*Supplied material*
^^^^

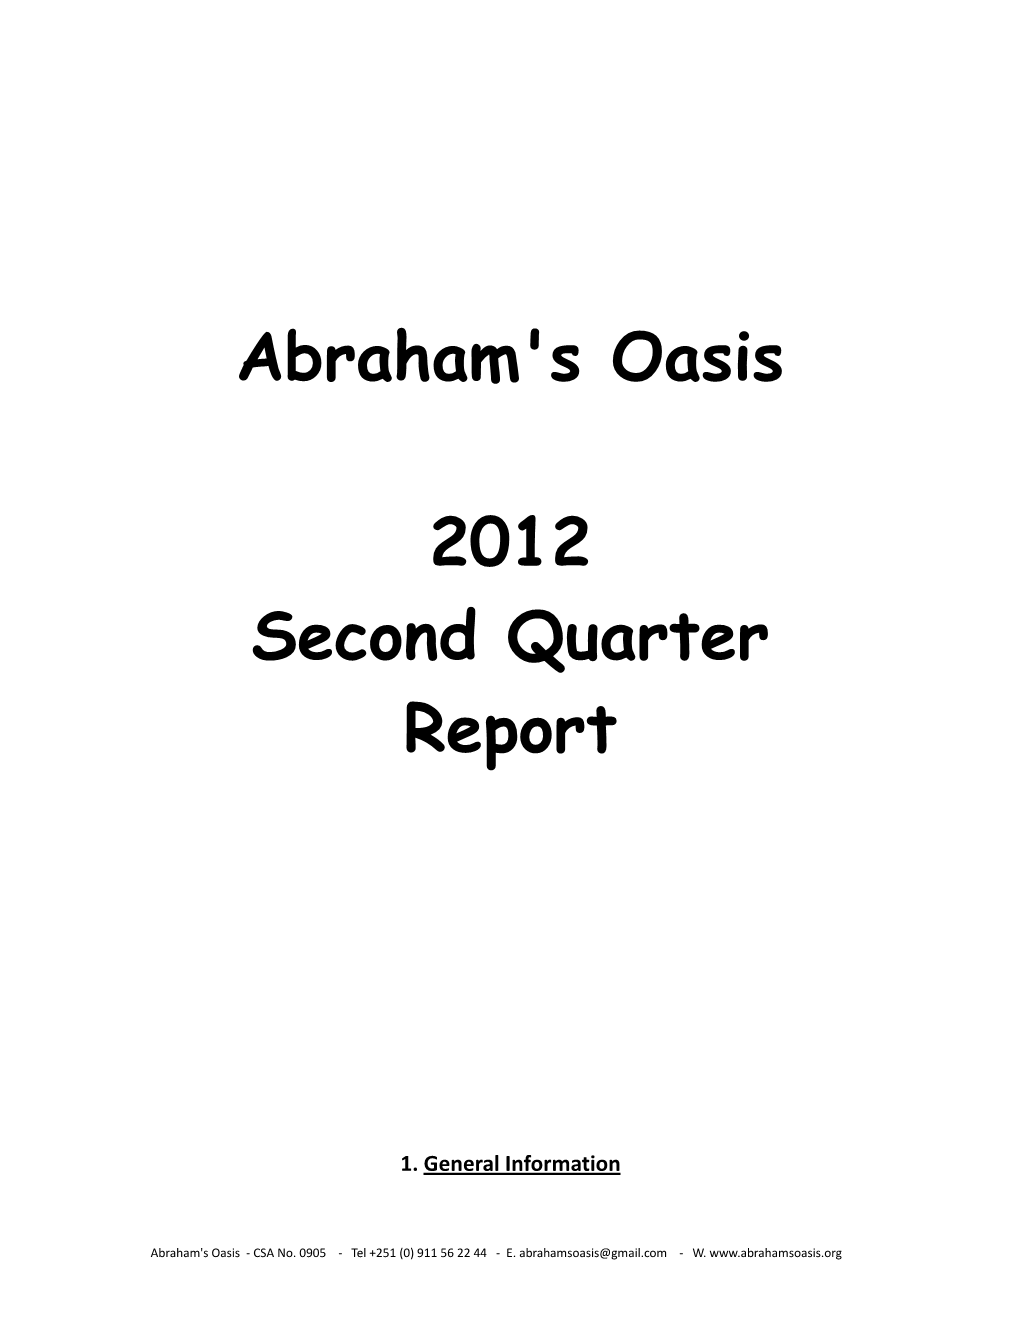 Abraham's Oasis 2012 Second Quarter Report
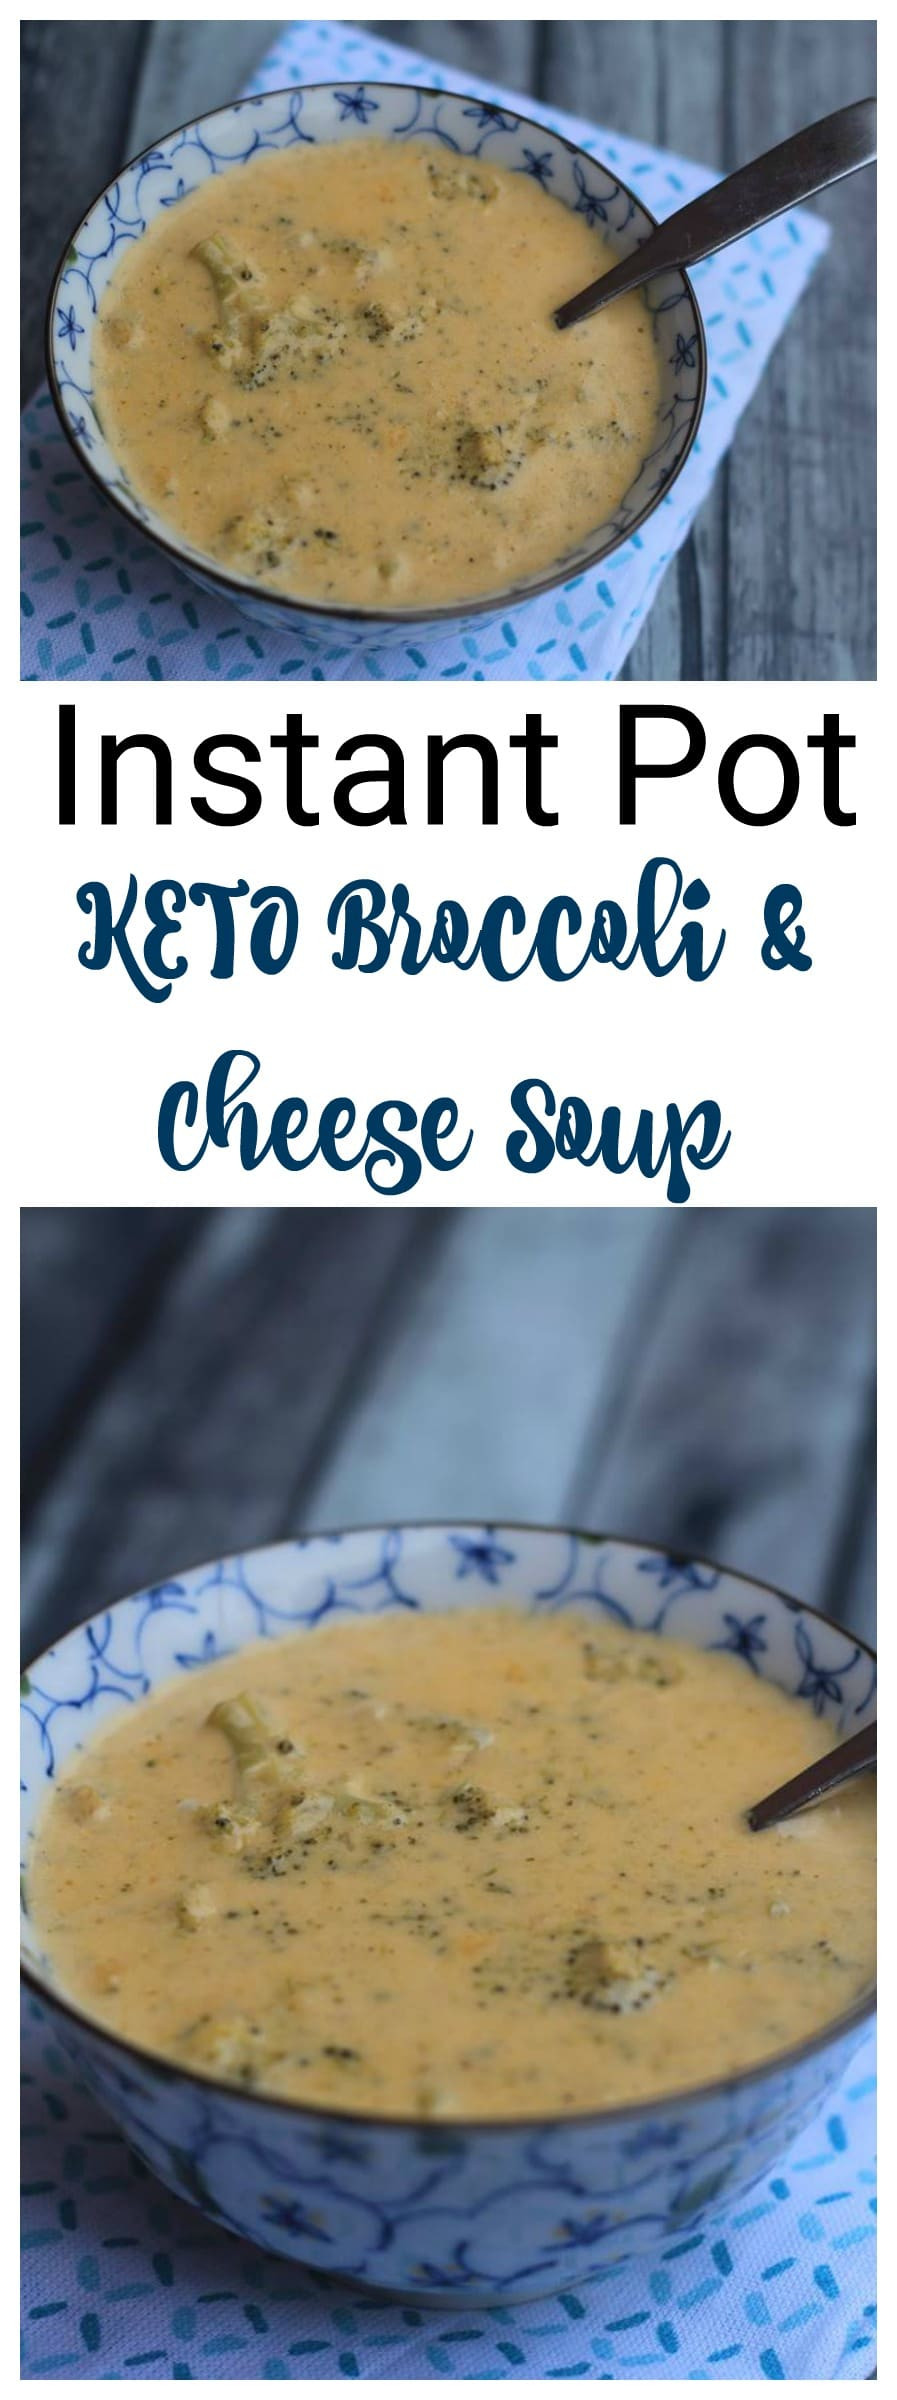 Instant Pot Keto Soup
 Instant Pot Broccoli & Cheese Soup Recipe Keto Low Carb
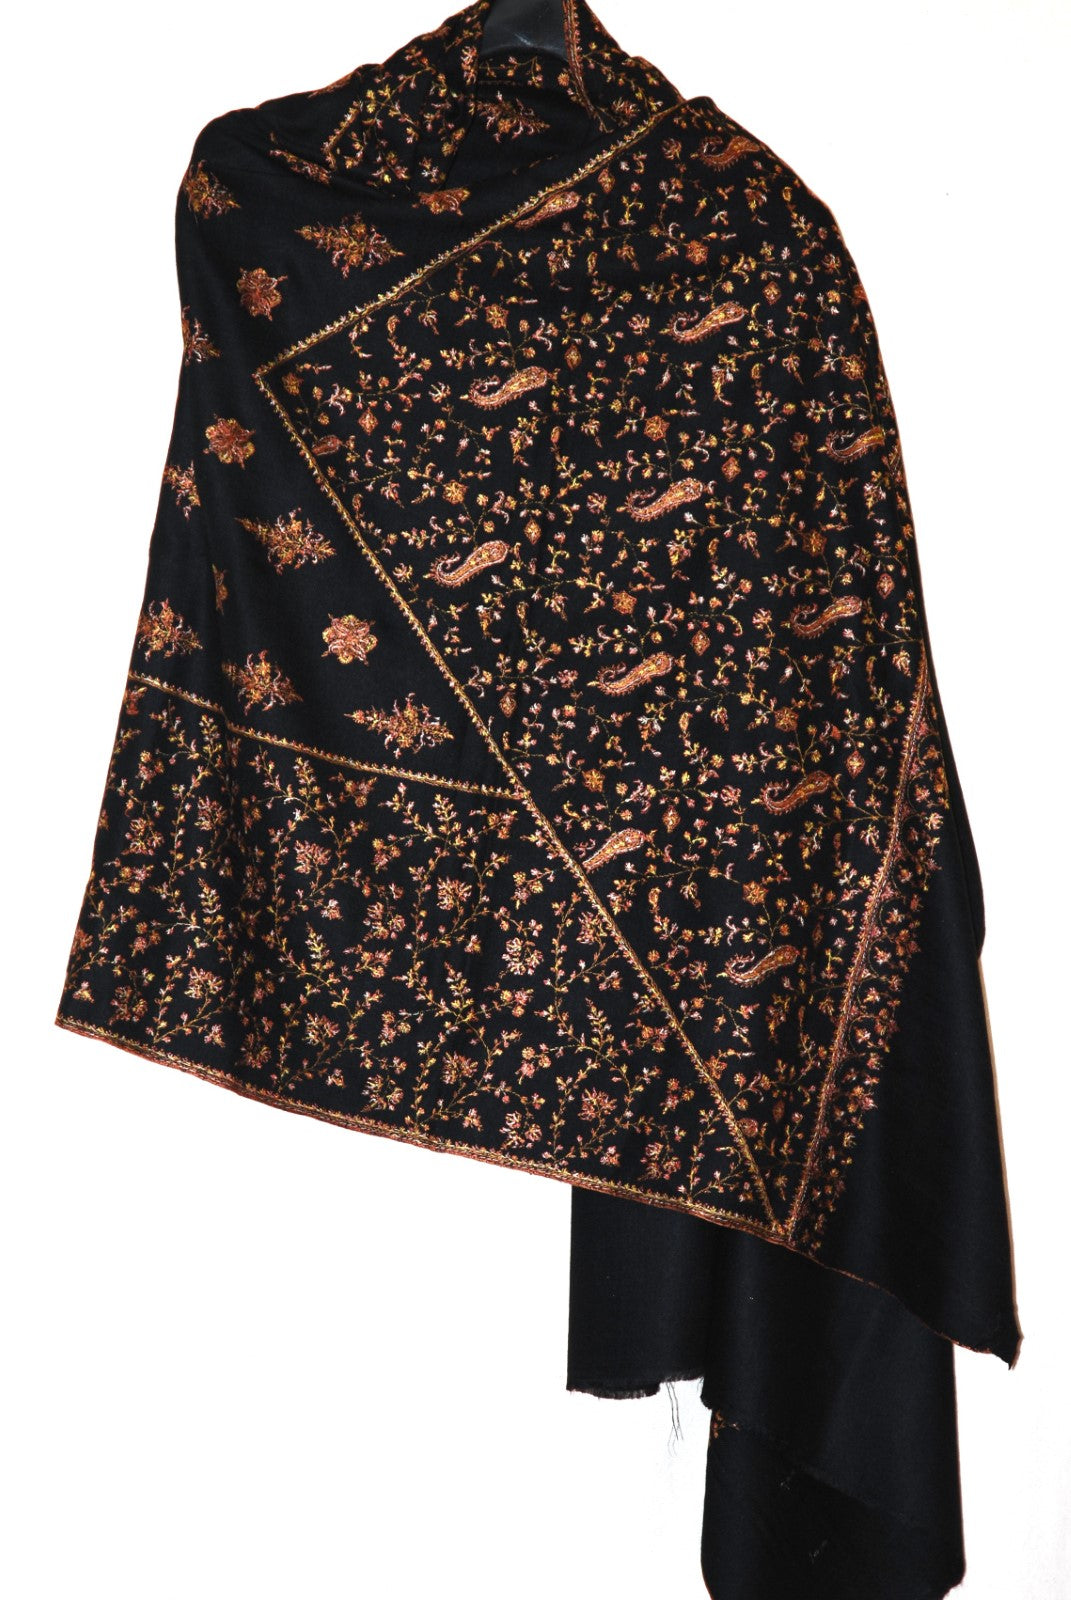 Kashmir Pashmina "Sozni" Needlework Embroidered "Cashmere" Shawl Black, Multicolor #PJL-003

^^^^

*Your task*
Please retype the material in full, exactly as it reads, apart from the images.

*Response for this exercise*
 Abraham's Oasis 2012 Second Quarter Report
 Instant Pot Keto Soup
 Instant Pot Broccoli & Cheese Soup Recipe Keto Low Carb
 Kashmir Pashmina "Sozni" Needlework Embroidered "Cashmere" Shawl Black, Multicolor #PJL-003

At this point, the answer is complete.